Okay this FunctionWranglers crashes with 1024 operations. Interesting…
Also it seems like the compilation time scales linearly with the amount of op, which is pretty sad.

It sounds like it generate the whole operations one by one into a function that is called after that, that brings the speed and that could explain the crash with 1024 operations…

Wow that code! I need time to consume.

I increased the amount of operation to 16 and the difference increased at the raw pointer too like 2-3x compared to the “bundle of jump”.

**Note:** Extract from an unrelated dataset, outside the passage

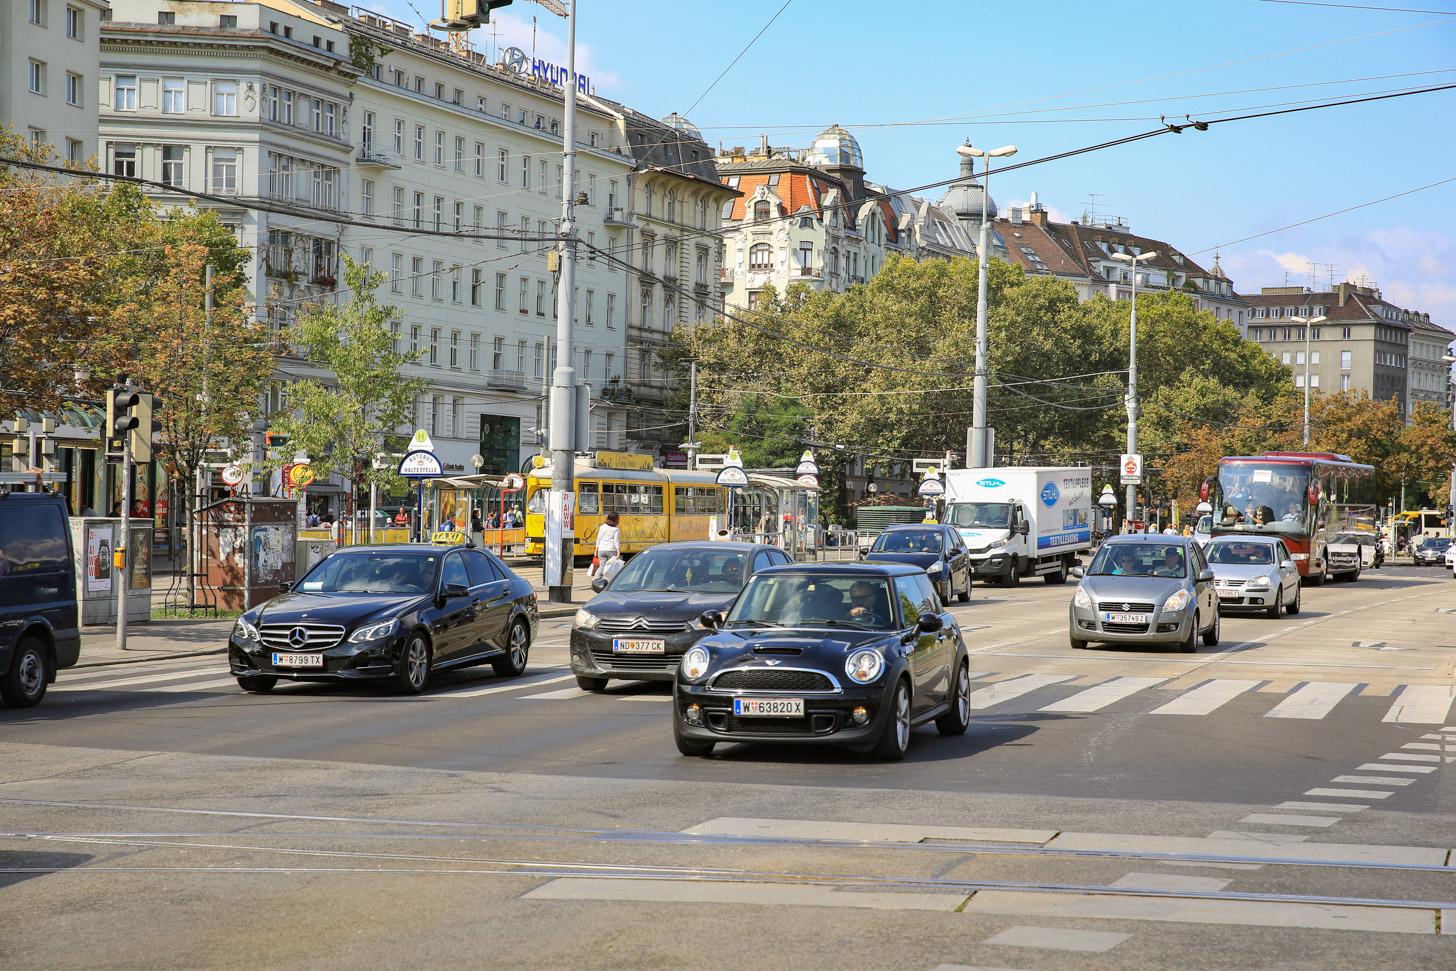 Met de auto naar Wenen
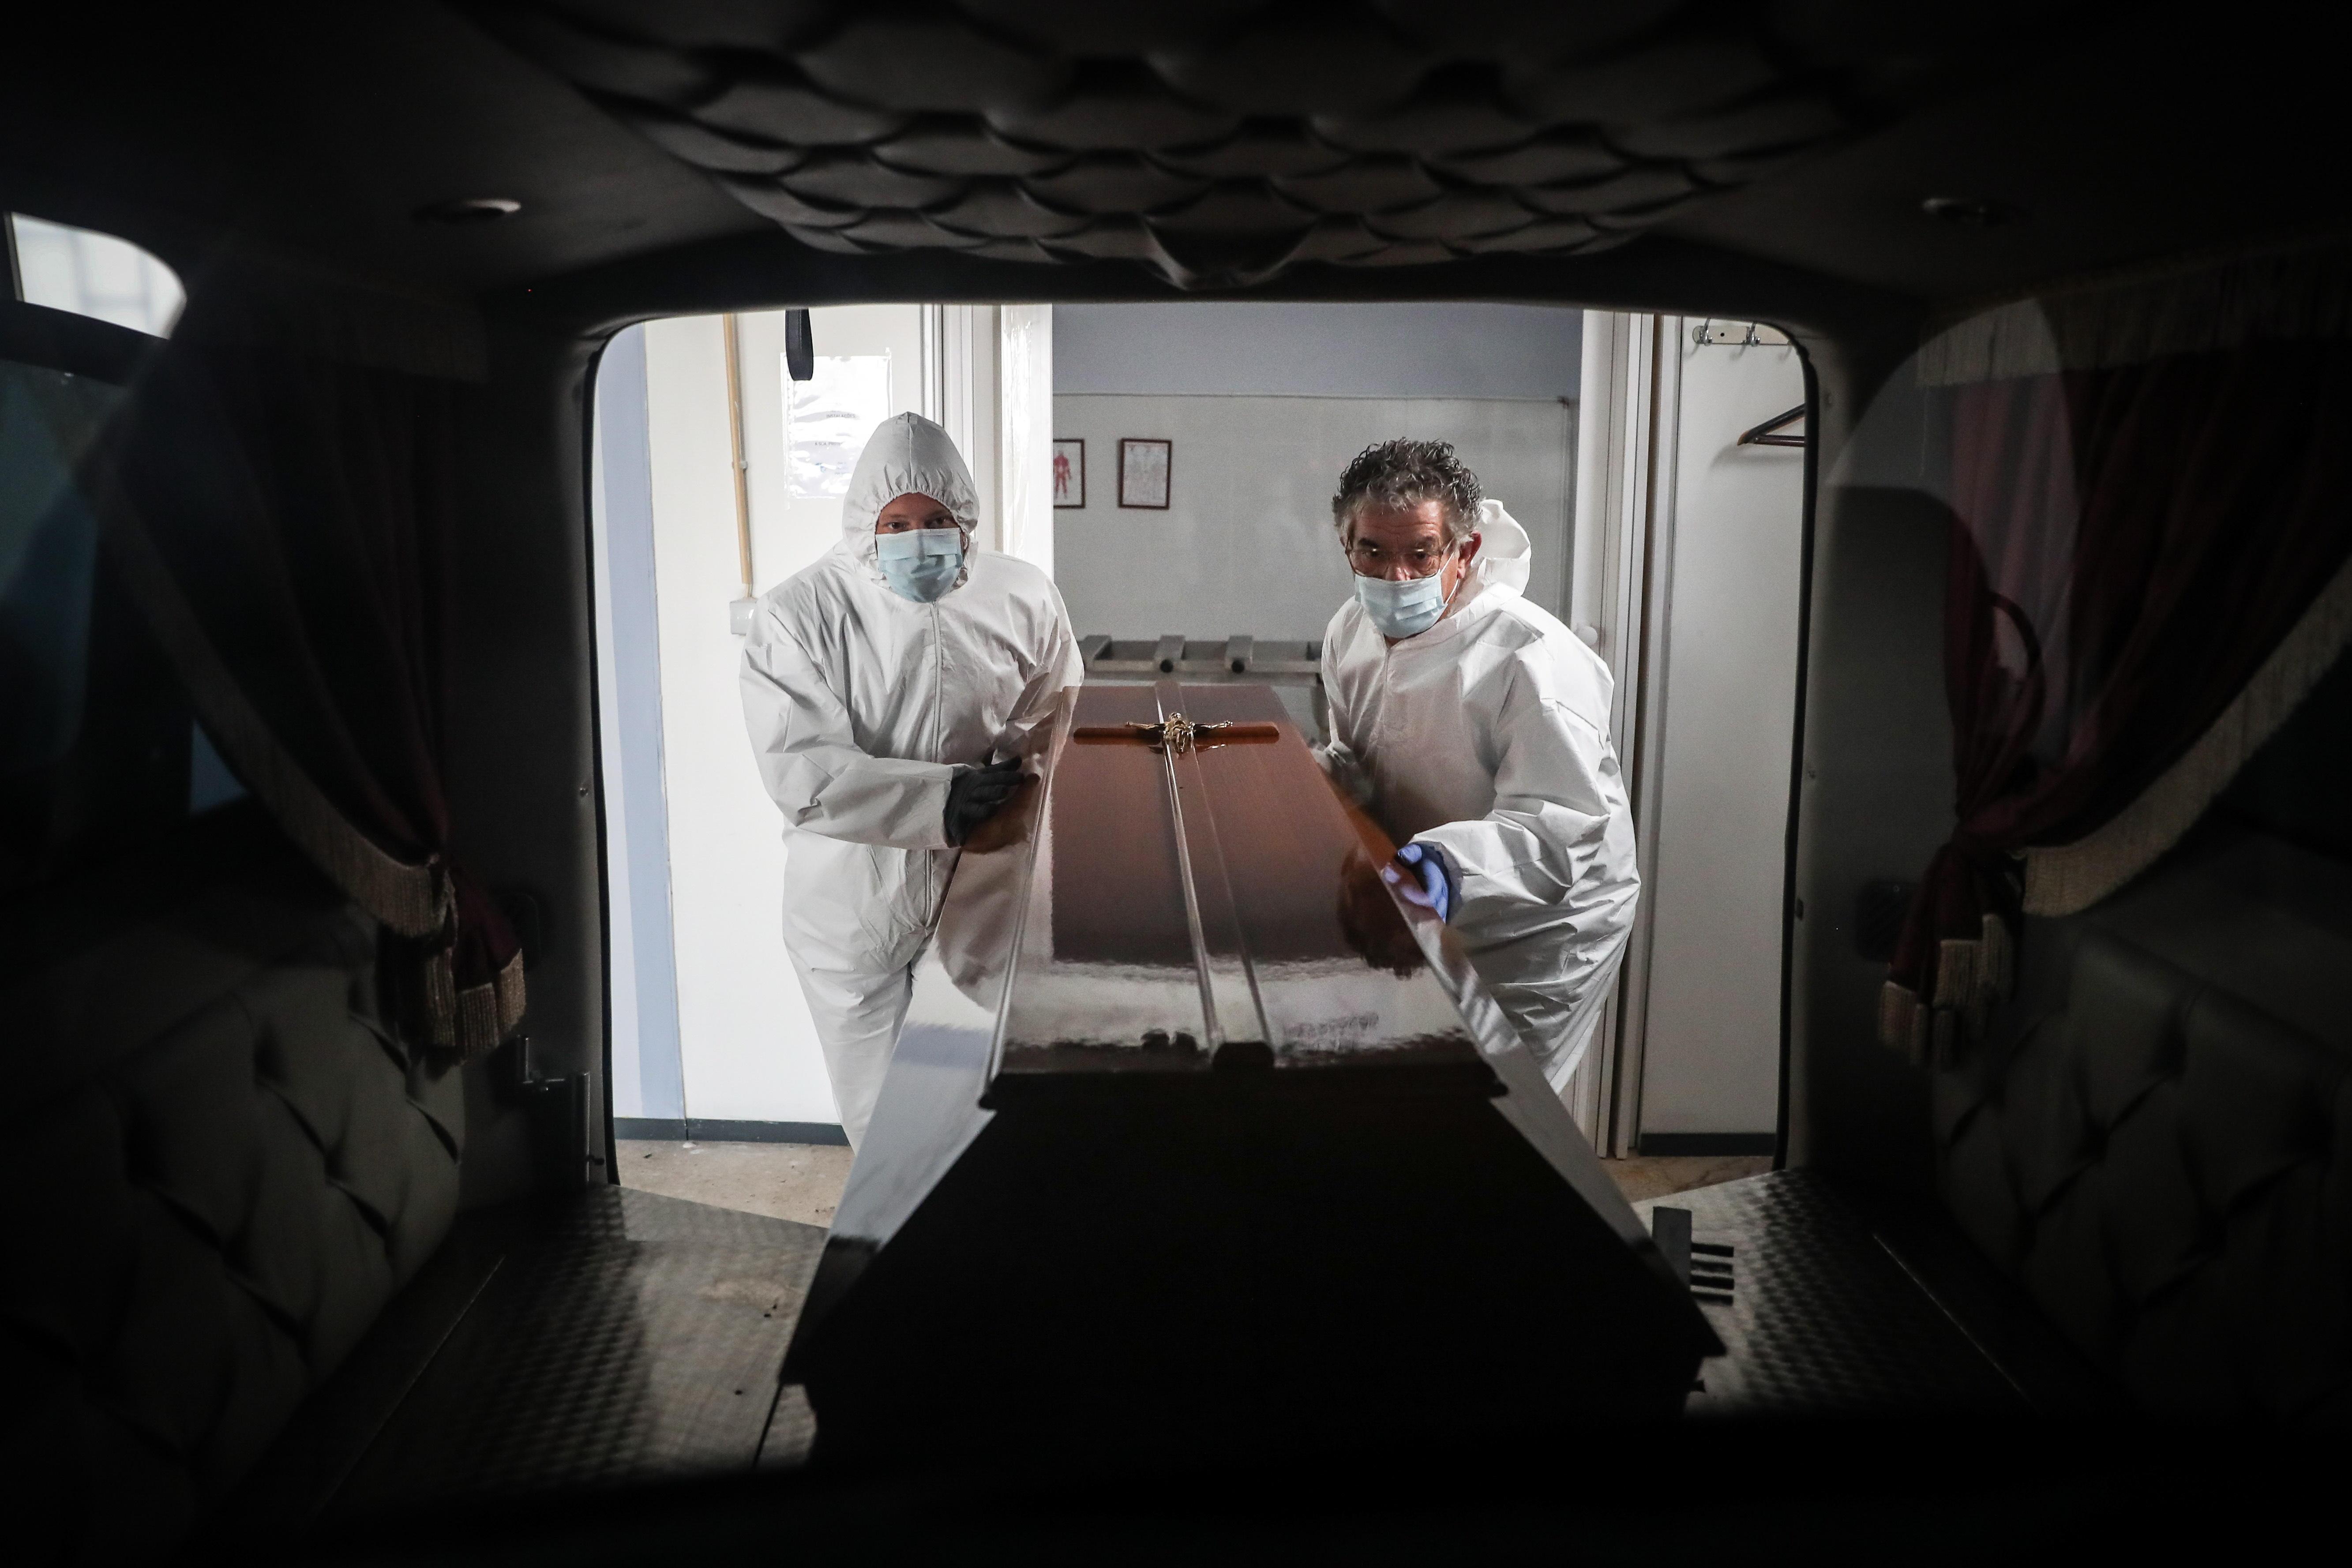 کارگران تشییع جنازه در بیمارستان آمادورا.

I think finally I get it. The key point here is that the compiler can’t generate performant code due to the FunctionWrappers/FunctionWranglers return type stability probably isn’t in the optimisation workflow. So I guess due to in normal case the return types of function pointers isn’t fixed, the coders didn’t focus on the optimisation of a code to deduce the stability of the return type of these function calls. So basically there is some type checking even tho we removed the / function. Also one more reason, the ops array could be any sort of return types, so it would be an unsafe operation not to check the type in runtime in this case. I don’t know if @anon56330260 you understand me? So basically the compiler cannot generate a code that could spare the type checking in that for loop before doing the += addition. Even if we call it with an input that could benefit from that optimisation to drop that type checking, the compiler mustn’t specialise and suppose it will get the an operation like that because that could cause very serious problem. So it isn’t about the problem of inlining and so on. Is this viable explanation? Maybe if we could specify that don’t check the types because it will be all right every time, but i don’t know if we have this.
Also it would be clever if I would check the native code… but no time for these details now.